Interested code can then associate scopes with contextual values, and walk up the ancestry to learn about contextual values defined in ancestors.

dphfox avatar Aug 31 '24 03:08 dphfox

Storing ancestry information also has the potential to significantly improve lifetime analysis, by allowing analysis to flow up to common ancestors rather than having to flow down from the scopes being analysed.

dphfox avatar Aug 31 '24 03:08 dphfox

Proposed user facing API surface:

Contextual:is(value):inside(function(scope)
    -- ...
end)

The returned scope is internally weakly mapped to value.

dphfox avatar Aug 31 '24 03:08 dphfox

Alternatively, it'd be possible to ship a design that weakly maps the current scope to a value, but this is undesirable because it forces the developer to explicitly introduce scopes where they want the value to be independent. By creating the scope when a value is changed, we can create that breakpoint automatically.

dphfox avatar Aug 31 '24 03:08 dphfox

As a further consideration, :now() is not scope-aware. It would need to be given a scope to inspect.

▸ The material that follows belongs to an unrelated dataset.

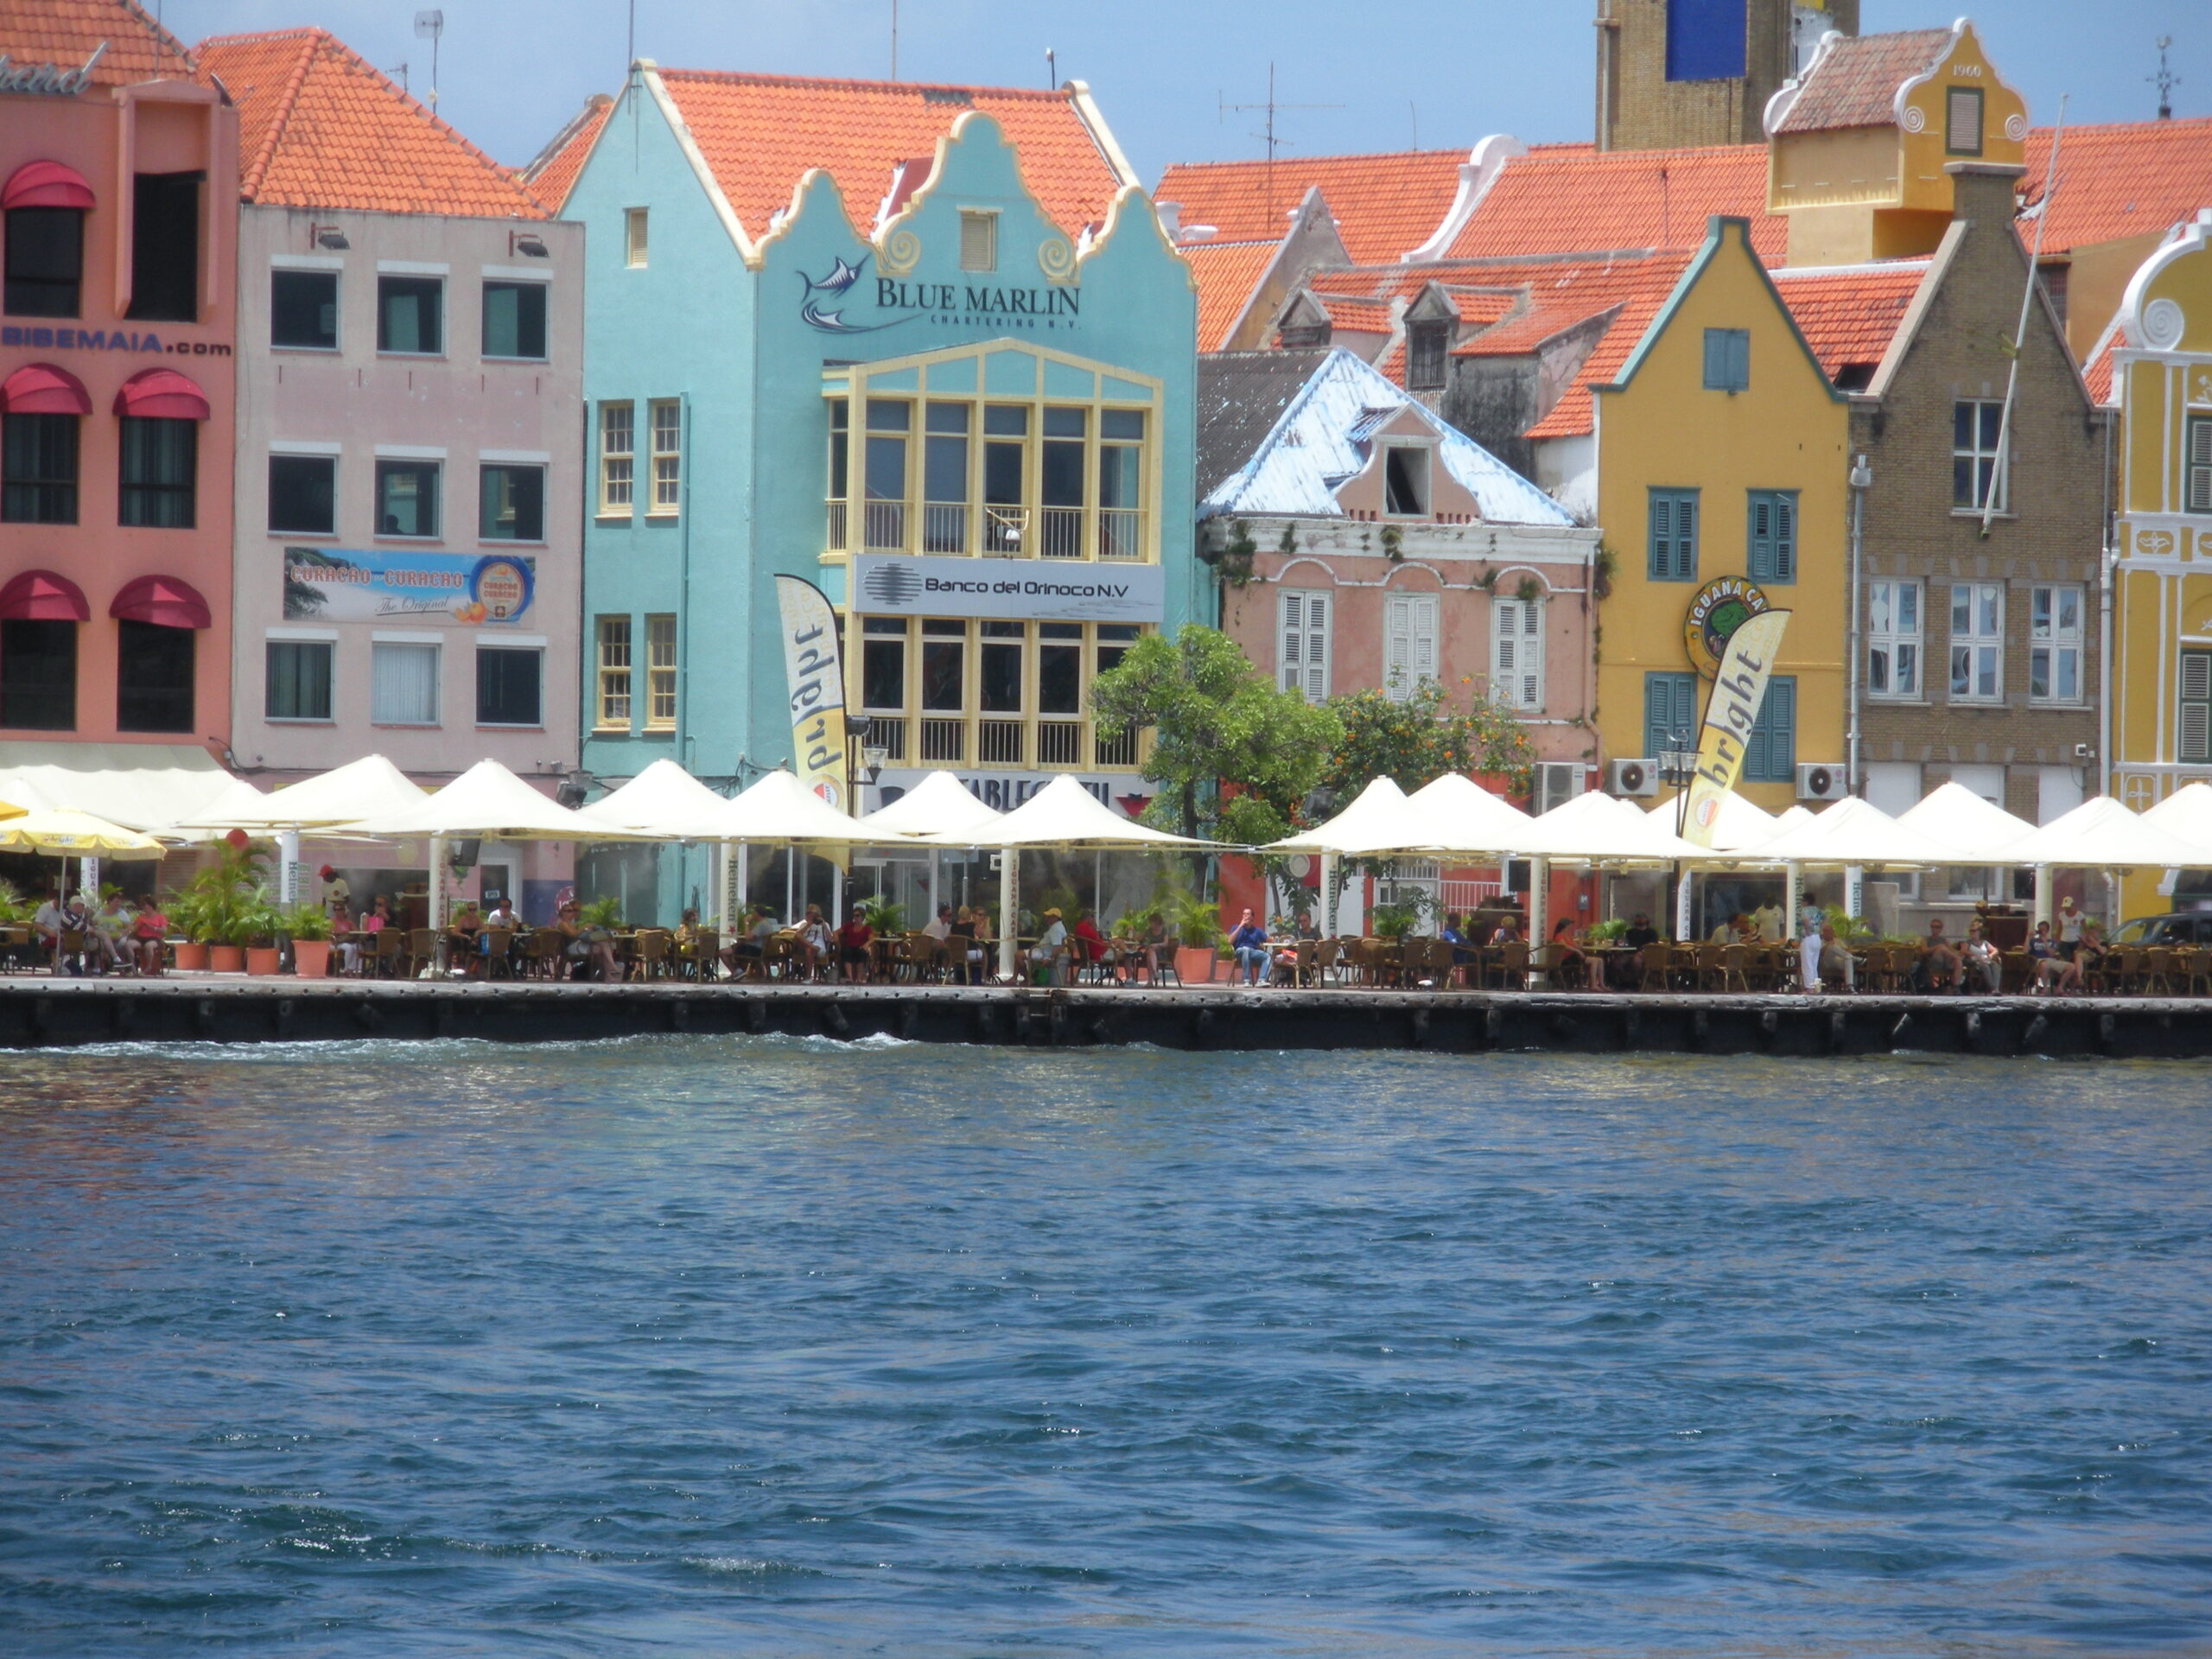 On The Waterfront in Curacao

For this purpose, we could introduce a new :here(scope) accessor.

Alternatively, we could introduce some kind of object that, when constructed in a scope, can read the Contextual, but this is heavier memory-wise and probably overengineered.

dphfox avatar Aug 31 '24 03:08 dphfox

The mechanisms for :during()/:now() and :inside()/:here() should not be mixed or interact in any way. This would introduce asymmetry (where :now() is scope-unaware but :here() is call-stack-aware) and could confuse users.

We might want to force one or the other to be used per-contextual. It's weird to want to mix them. Alternatively, call-stack-based contextuals could be removed outright.